Monday, April 16, 2012

Speed Reading with PowerShell

Many of you have had to read in large text files for processing in PowerShell.  The Get-Content cmdlet is perfect for this.  However, it can be very sloooow with large files.  There are multiple ways to speed this up.  For example, we could dive into .NET using the [System.IO.File]::ReadAllLines() method.

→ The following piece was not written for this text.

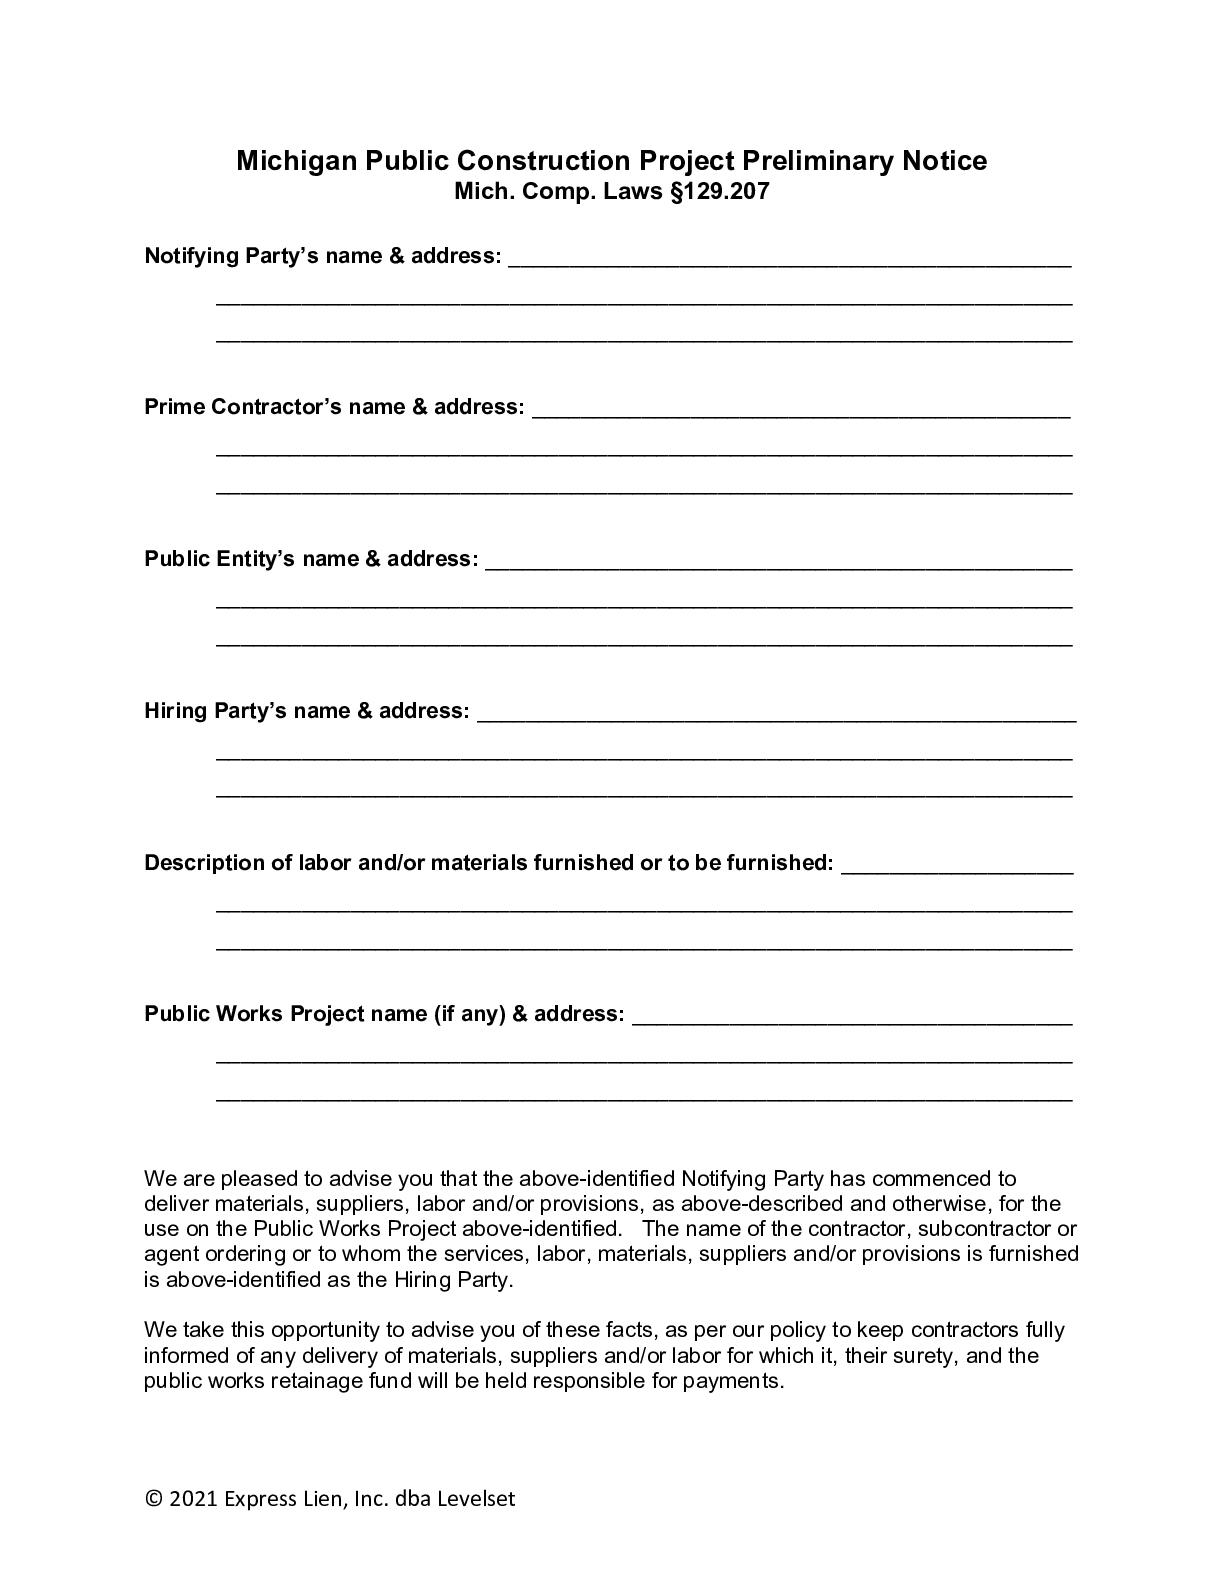 Michigan Preliminary Notice (Public Projects) Form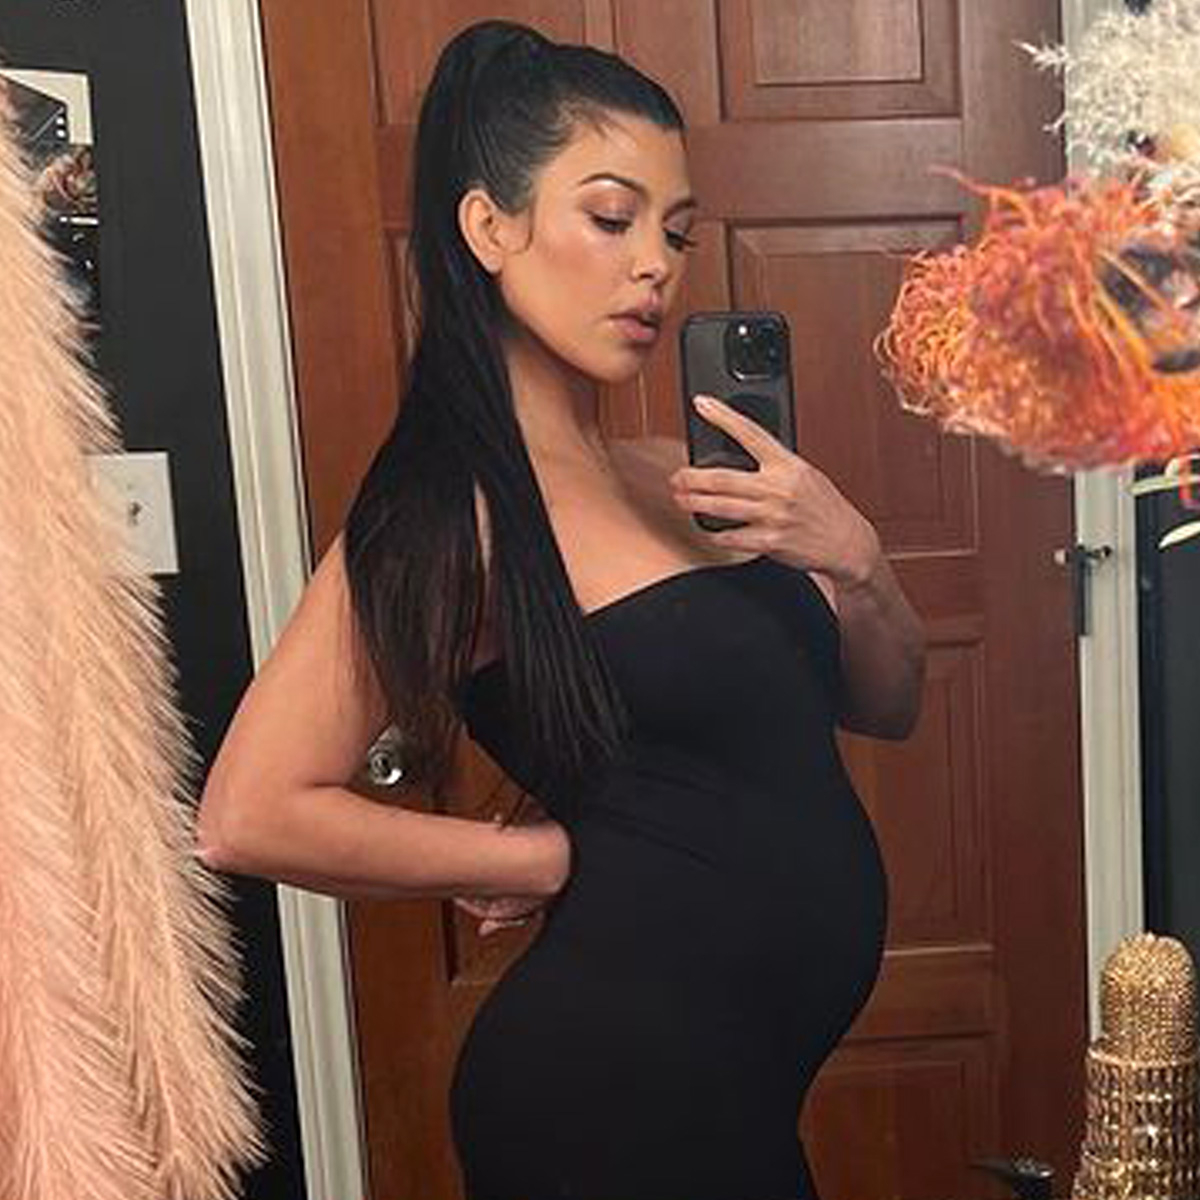 Pregnant Kourtney Kardashian shows off her big bare bump in just a

For simplicity, let's stick with the Get-Content cmdlet.  Following is an example that demonstrates a couple different techniques, the one to focus on is the use of the "-ReadCount" parameter.

# define some random nouns, verbs and adverbs            
$noun = "Ed","Hal","Jeff","Doug","Don","Kirk","Dmitry"            
$verb = "ran","walked","drank","ate","threw","scripted","snored"       
$adverb = "quickly","randomly","erratically","slowly","slovenly","loudly"            
            
# create an array with 10,000 random sentences             
$content = 1..10000 | foreach {            
    "{0} {1} {2}." -f ($noun|Get-Random),($verb|Get-Random),($adverb|Get-Random)            
}            
            
# save our array to a text file            
$path = "c:\temp\RandomSentences.txt"              
$content | Out-File -FilePath $path            
            
# read in the files and measure the time taken.            
(measure-command -Expression { Get-Content -Path $path }).TotalMilliseconds
(measure-command { Get-Content $path -ReadCount 10 }).TotalMilliseconds
(measure-command { Get-Content $path -ReadCount 100}).TotalMilliseconds
(measure-command { Get-Content $path -ReadCount 1000}).TotalMilliseconds


The results....
164.6186
24.5987
19.7441
16.2411



Explanation

The Get-Content cmdlet does more behind the scenes then just present the data.  There are a properties being populated as it reads in the file.  By default, this happens for each line as it it read.  For large files, this overhead can be reduced by setting the -ReadCount parameter.  With this parameter set, you will only be manipulating the behind the scenes properties in a collection size that is equal to the number you set the -ReadCount attribute to.
  
Hope this helps!